Collected data
━━━━━━━━━━━━━━━━━━━━━━━━━━━━━━

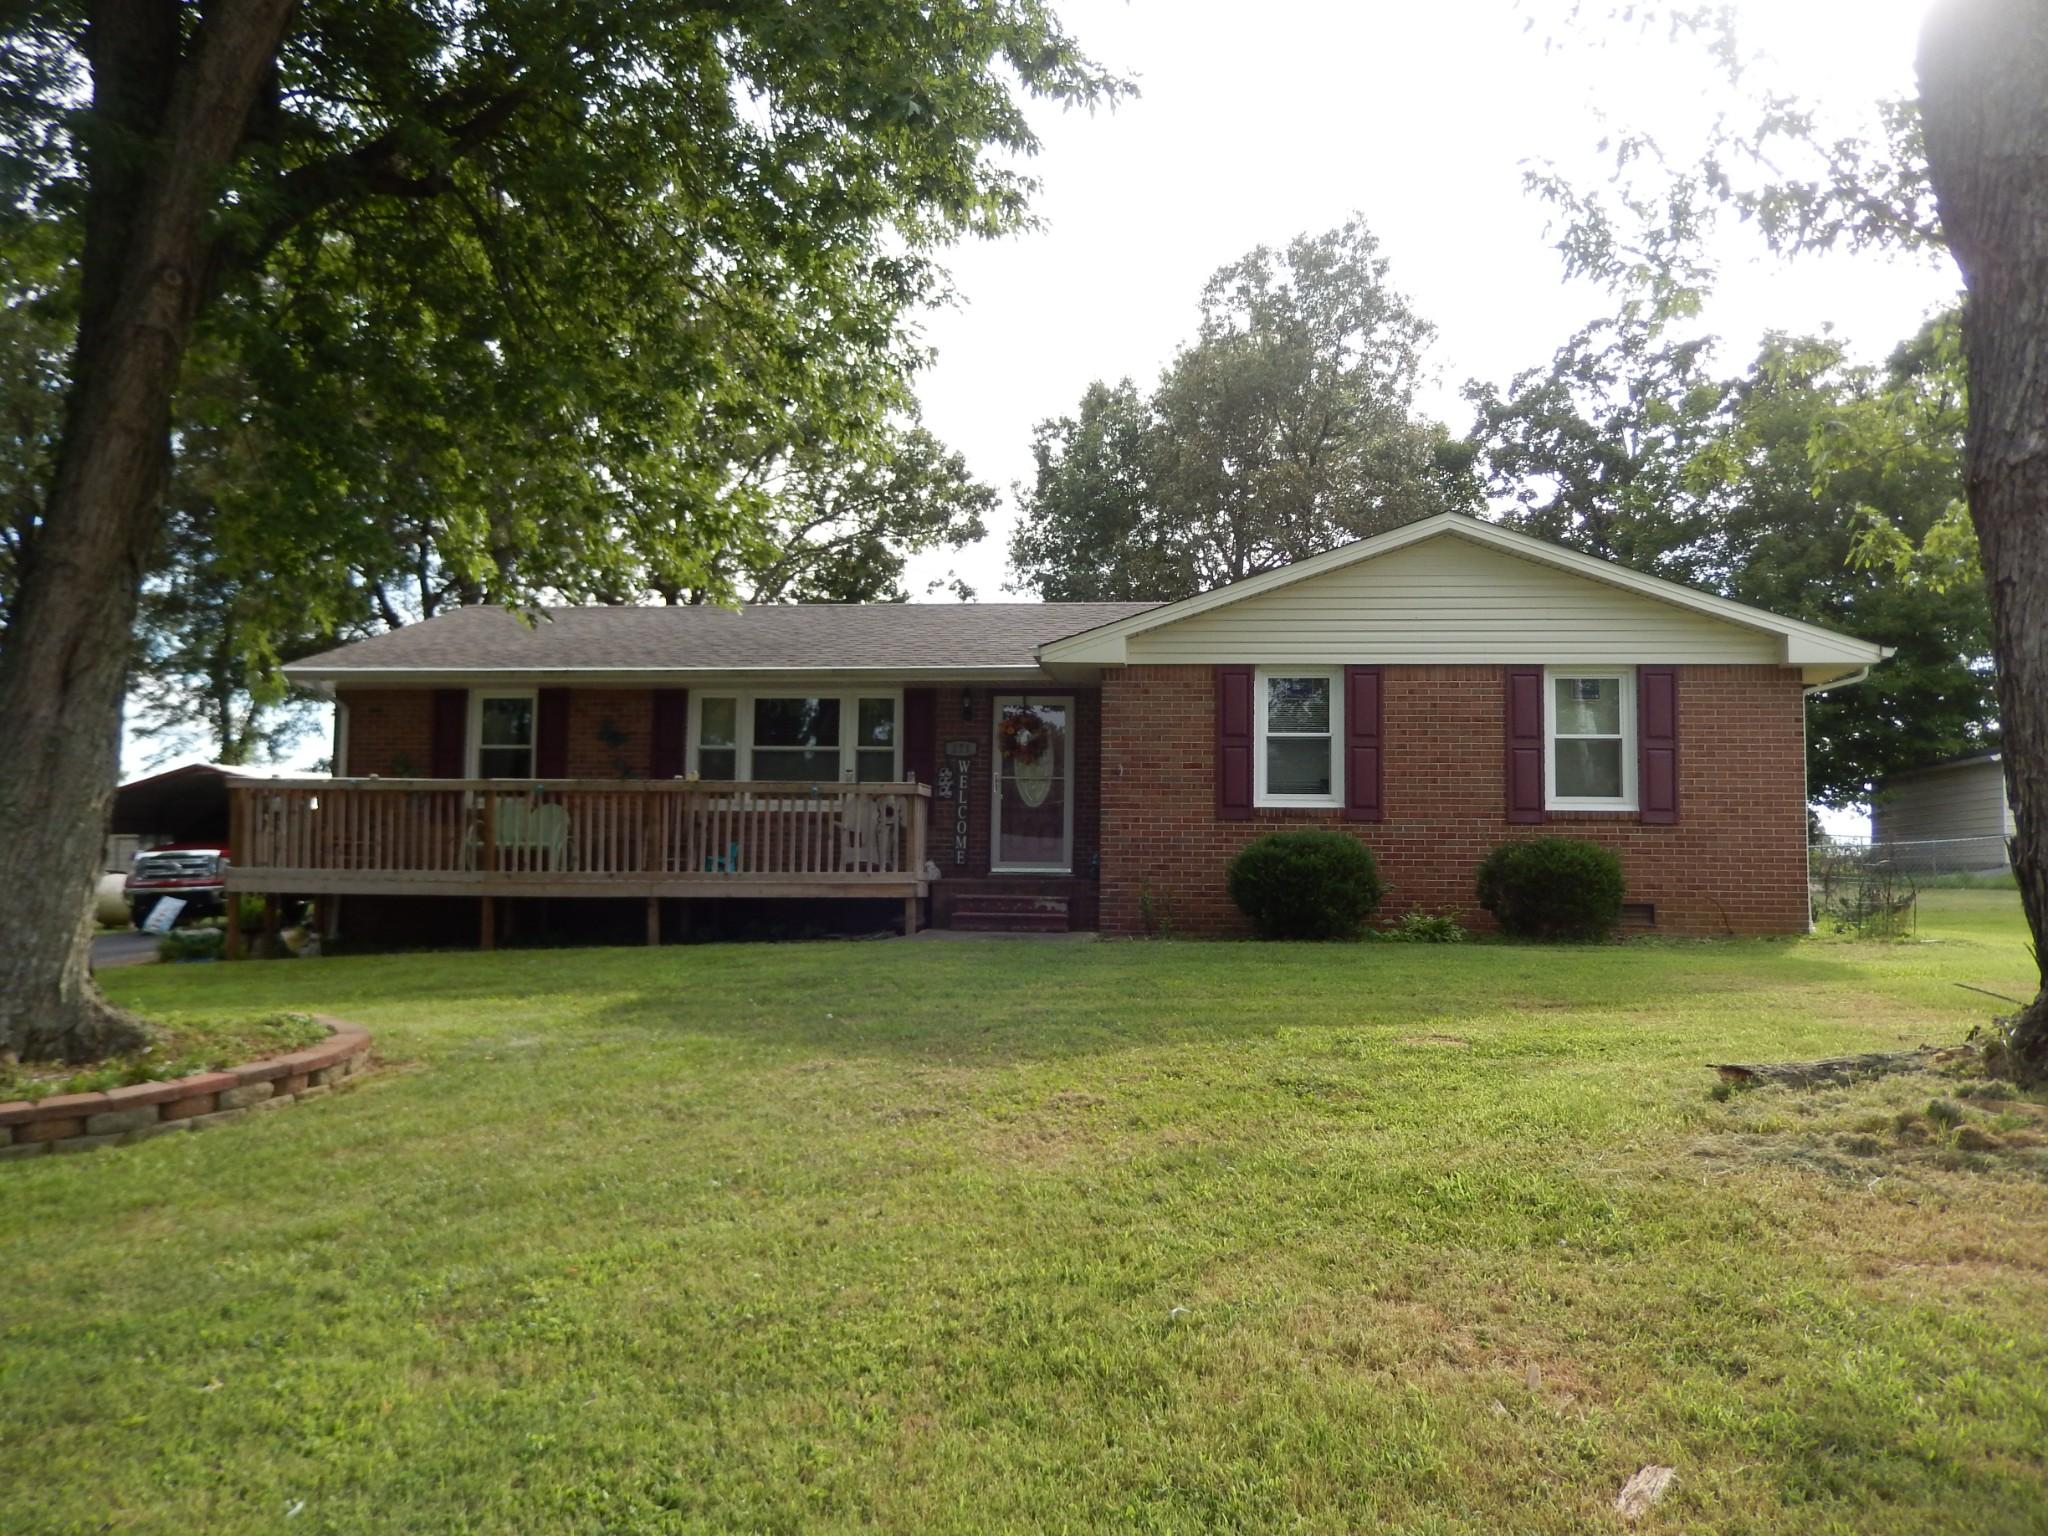 271 Clarksdale Dr Property Photo - Cadiz, KY real estate listing
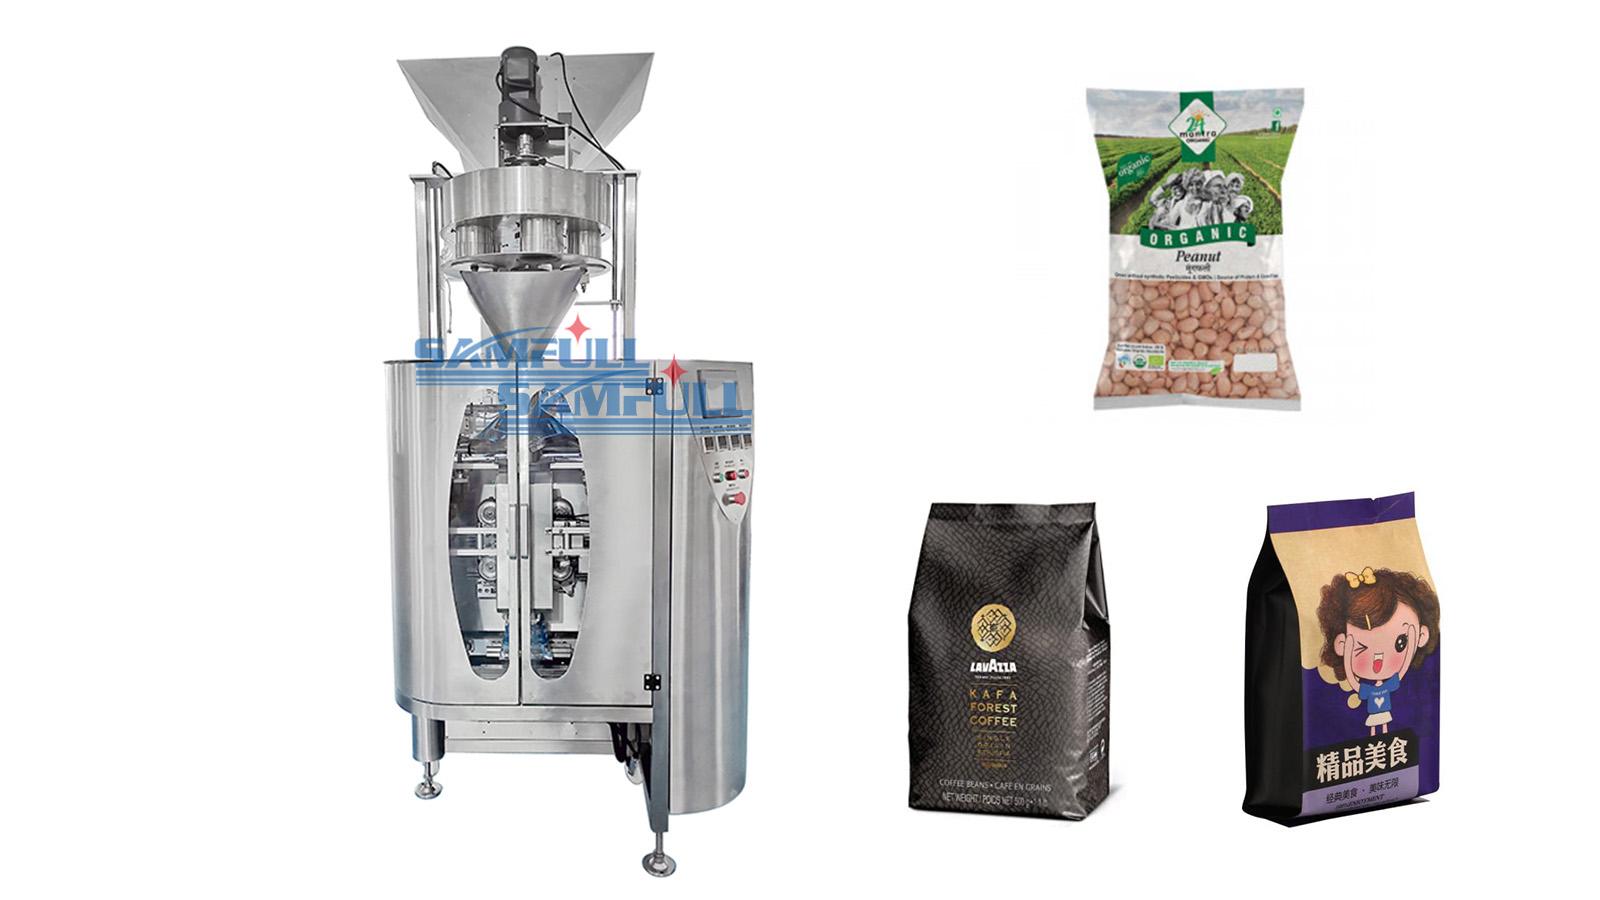 Tam otomatik 1kg 2kg buğday manyok un torba toz paketleme makinesi fiyat un değirmeni makineleri
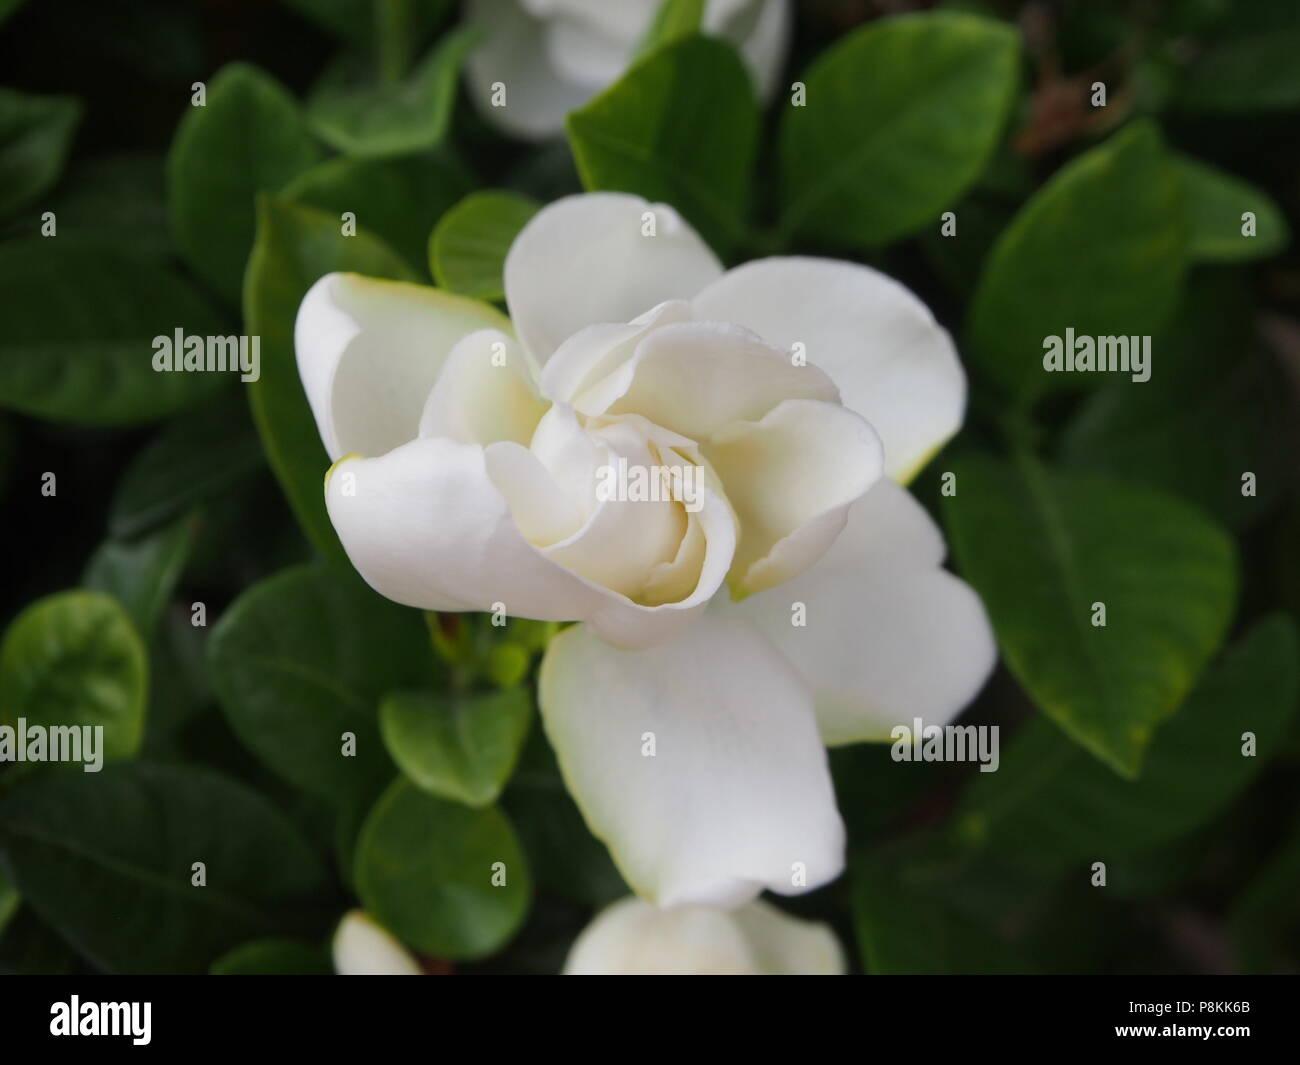 Single White Gardenia Flower About To Open Stock Photo 211873827
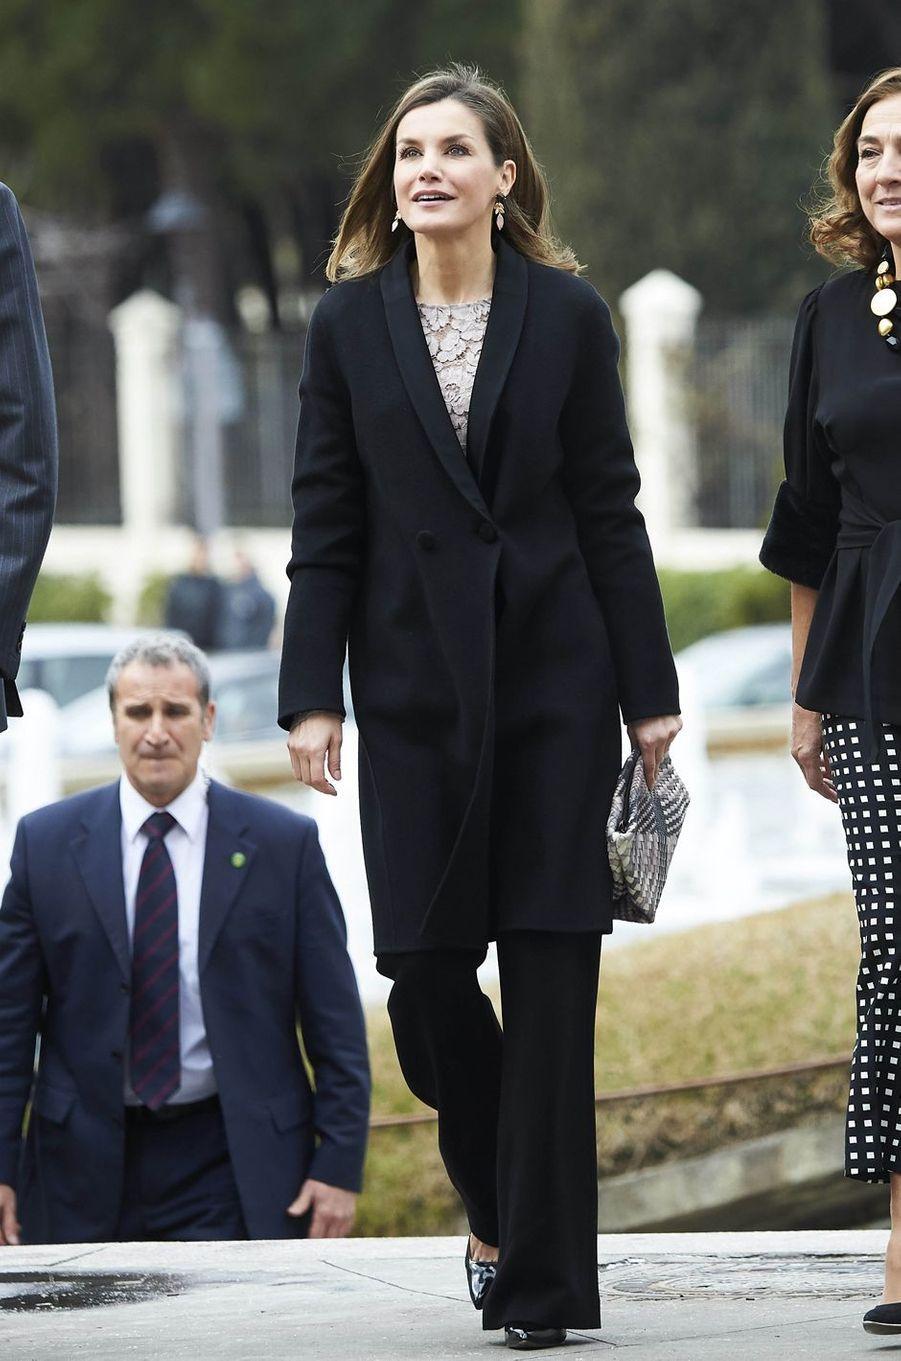 La reine Letizia d'Espagne arrive à Mostoles, le 12 février 2018
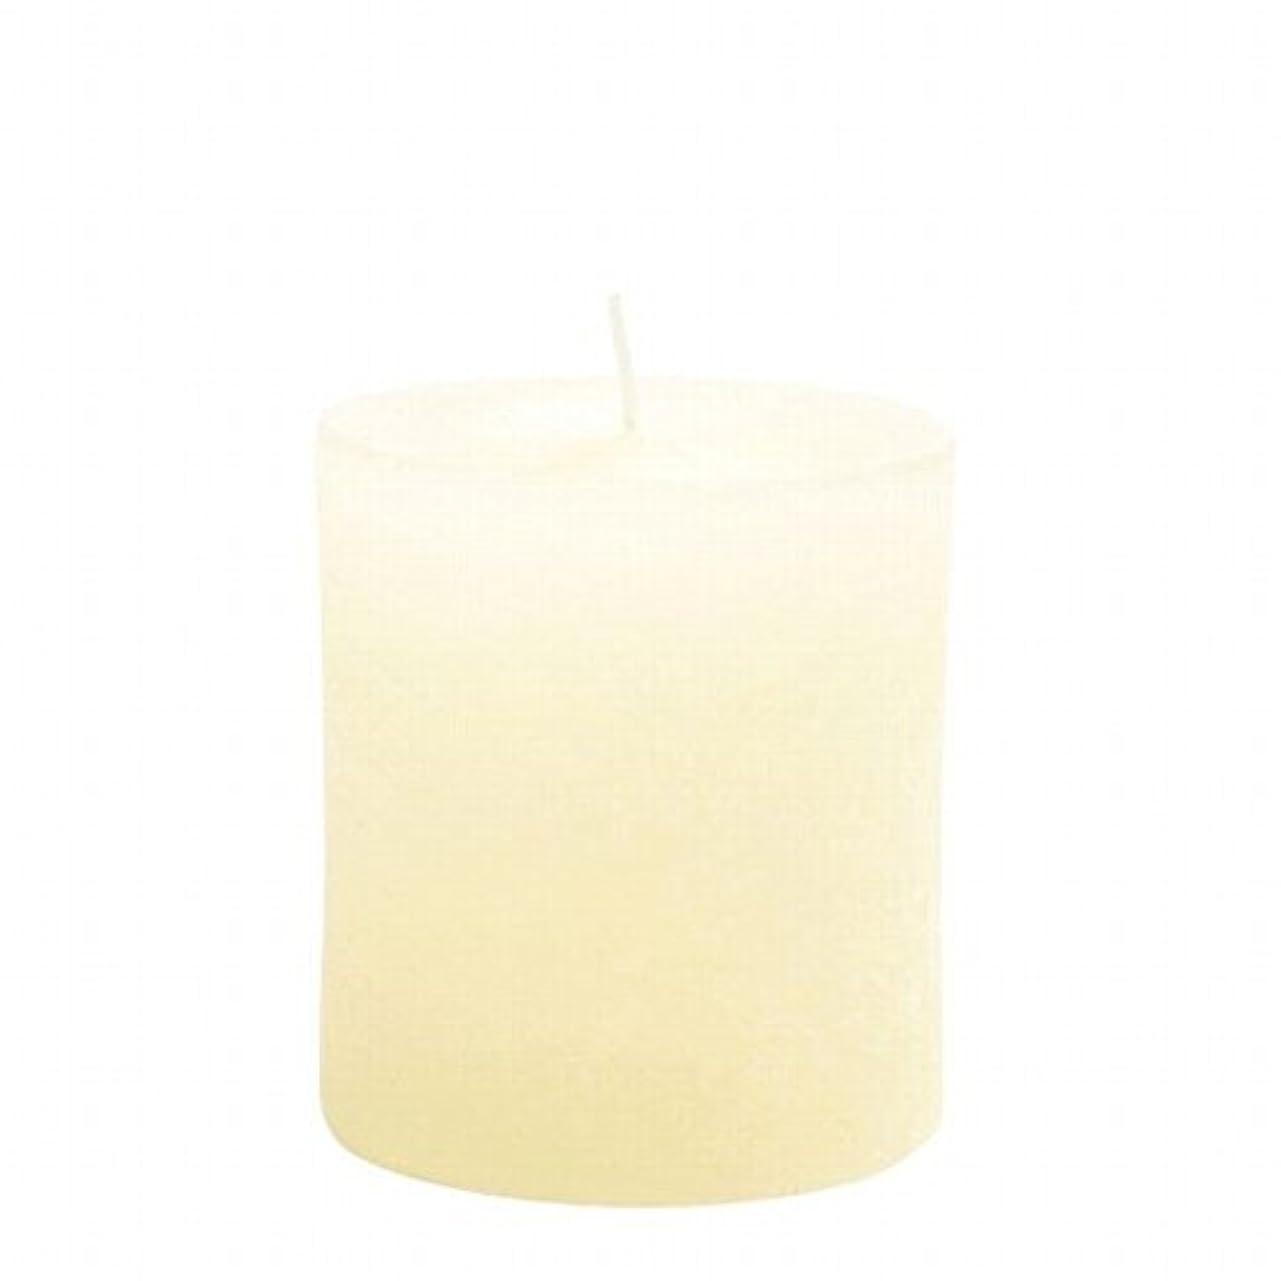 ガレージ体操アウターカメヤマキャンドル( kameyama candle ) ラスティクピラー70×75 「 アイボリー 」

━━━━━━━━━━━━━━━━━━━━━━━━━━━━━━

◆ Exercise directions
All of the data is to be reproduced exactly, with the pictures left out.

◆ Expected output
 271 Clarksdale Dr Property Photo - Cadiz, KY real estate listing
 Tam otomatik 1kg 2kg buğday manyok un torba toz paketleme makinesi fiyat un değirmeni makineleri
 Single White Gardenia Flower About To Open Stock Photo 211873827
 La reine Letizia d'Espagne arrive à Mostoles, le 12 février 2018
 ガレージ体操アウターカメヤマキャンドル( kameyama candle ) ラスティクピラー70×75 「 アイボリー 」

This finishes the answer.